Among the potential treatments for COVID-19 that are undergoing clinical trials to assess their safety and efficacy against the disease are:
- remdesivir (investigational)
- lopinavir/ritonavir (currently authorised as an anti-HIV medicine)
- chloroquine and hydroxychloroquine (currently authorised at national level as treatments against malaria and certain autoimmune diseases such as rheumatoid arthritis)
- systemic interferons and in particular interferon beta (currently authorised to treat diseases such as multiple sclerosis)
- monoclonal antibodies with activity against components of the immune system
EMA welcomes the launch of large clinical trials as they are necessary to generate the robust data needed to establish evidence for which medicines do work and thus to give appropriate advice to healthcare professionals and patients and enable regulatory decision-making, as advised by EMA’s human medicines committee (CHMP).
The Agency has also had discussions with developers of a dozen potential COVID-19 vaccines. Two vaccines have already entered phase I clinical trials, which are the first trials needed and are carried out in healthy volunteers. In general, timelines for the development of medicinal products are difficult to predict. Based on the information currently available and past experience with vaccine development timeframes, EMA estimates that it might take at least one year before a vaccine against COVID-19 is ready for approval and available in sufficient quantities to enable widespread use. Adequate supply of doses to meet the needs of all EU countries has to be proactively forecast.
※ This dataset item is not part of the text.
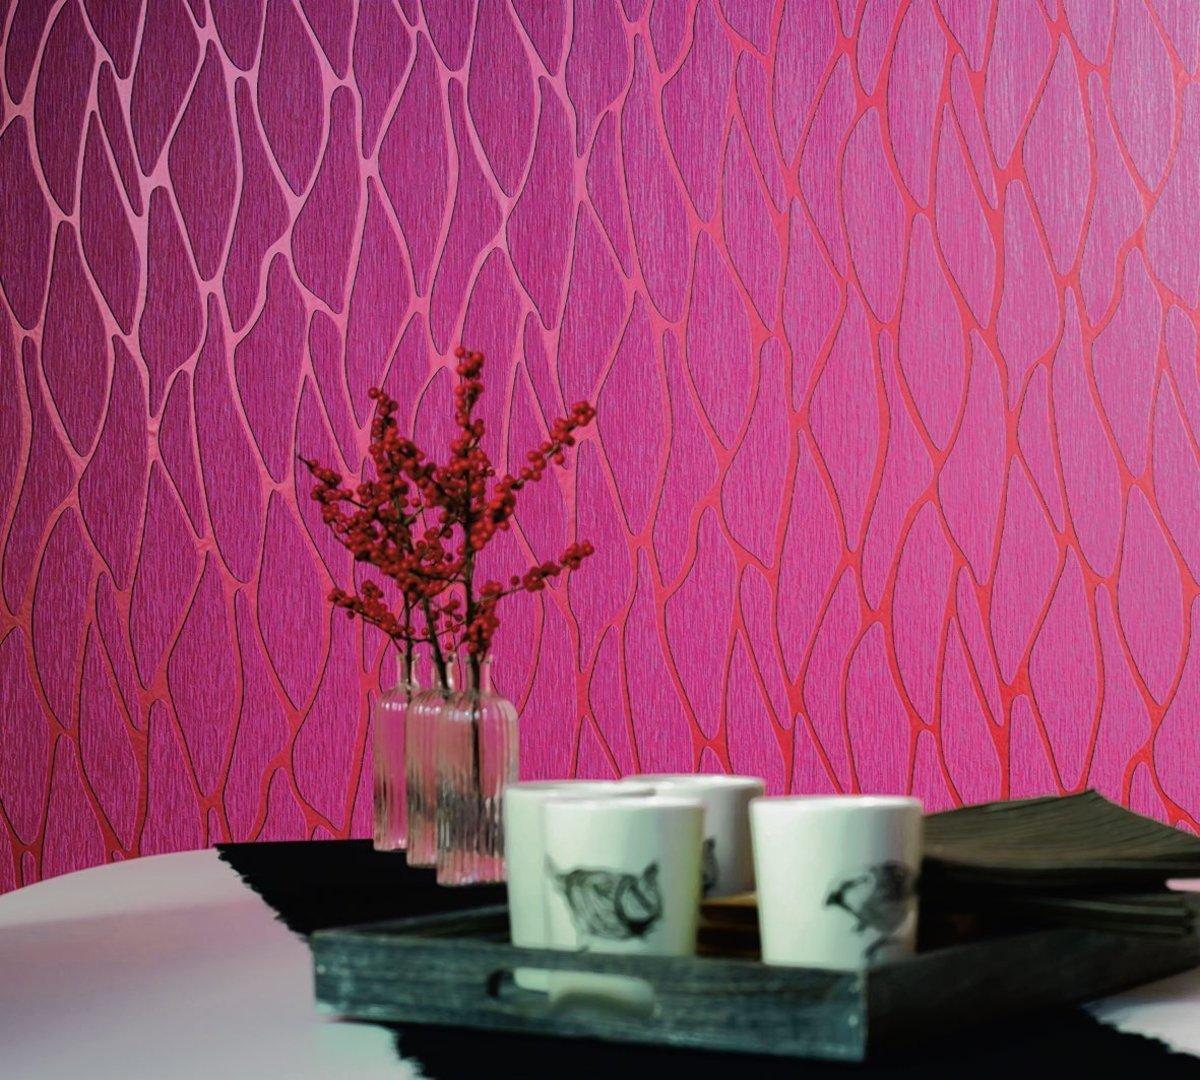 Ist Eine Wand Im Raum So Auffällig Tapeziert Zu Sehen, Wird Der Wandschmuck  Zum Hingucker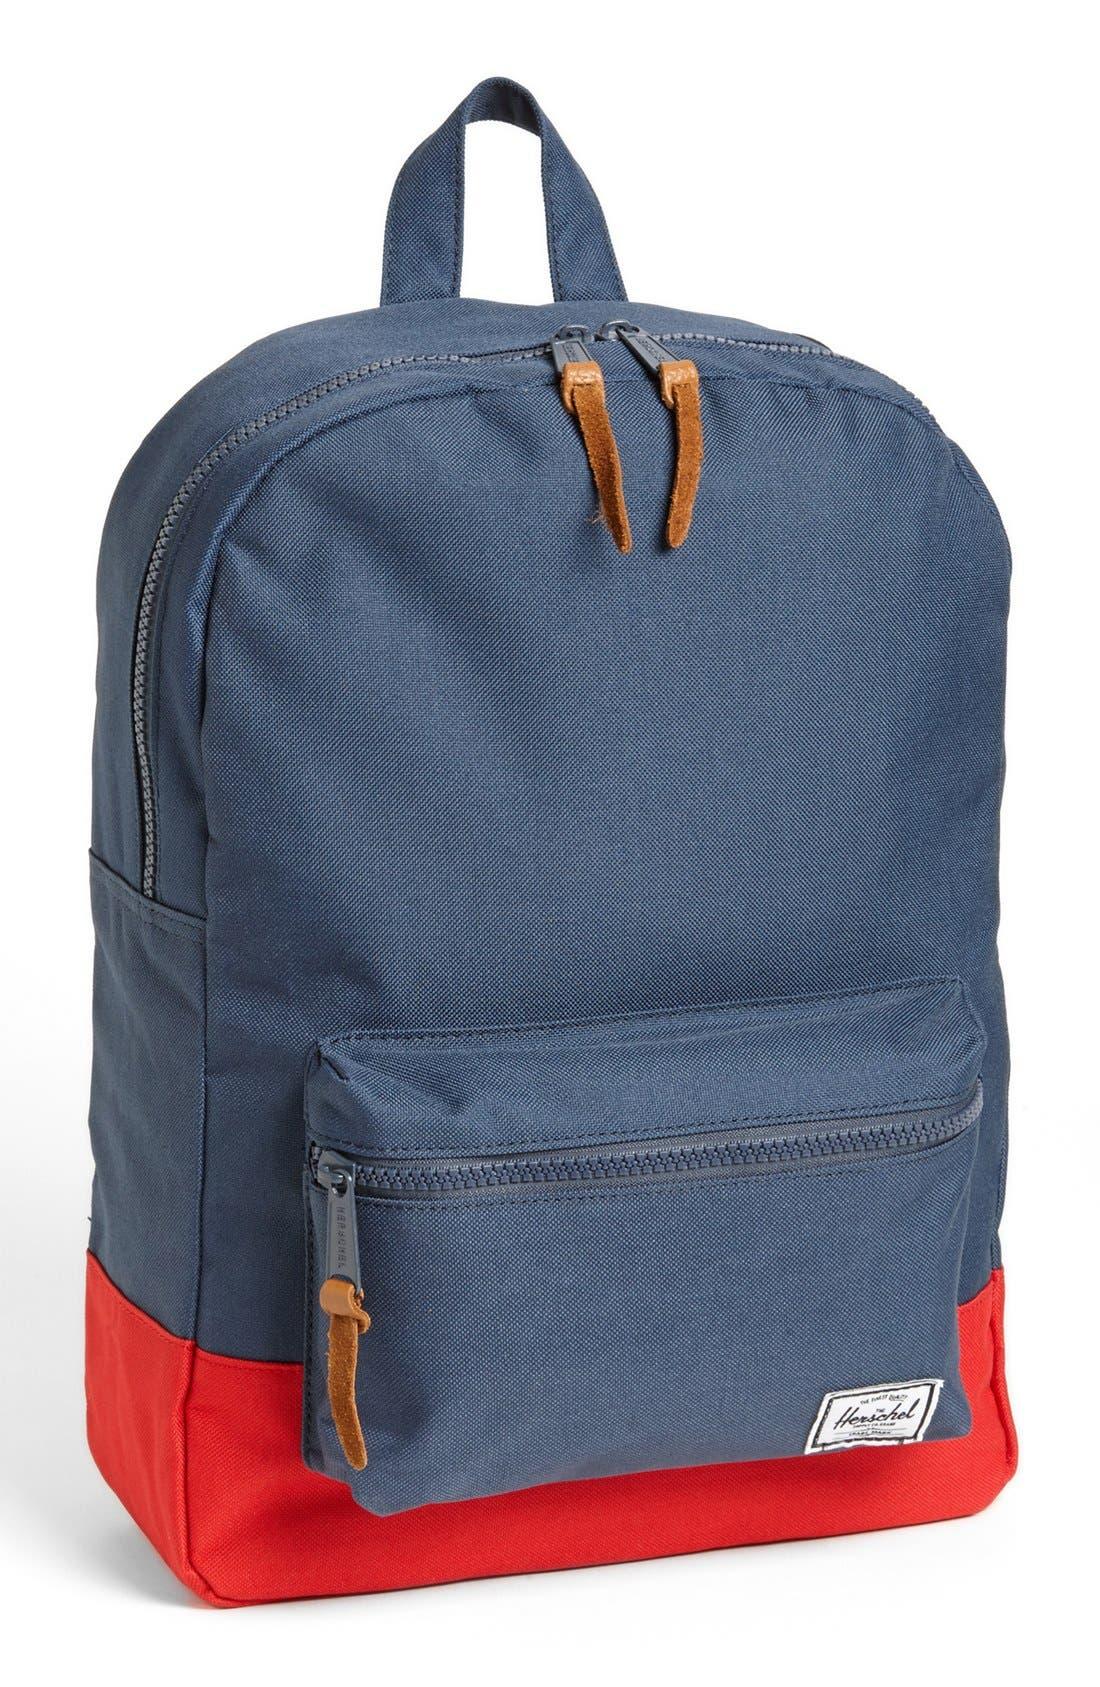 Alternate Image 1 Selected - Herschel Supply Co. 'Settlement' Backpack (Big Kid)

EMA's response team will continue to interact with developers of potential therapeutics or vaccines against COVID-19. The aim is to provide advice on regulatory requirements so that any promising medicinal product can be made available as rapidly as possible to patients, initially in the clinical trial setting and then, once authorised, on the market.
- EMA has a range of support measures that can help to facilitate and speed up the development of medicines, which in addition to fast-track scientific advice includes the PRIME scheme, the accelerated assessment, and conditional marketing authorisation procedures.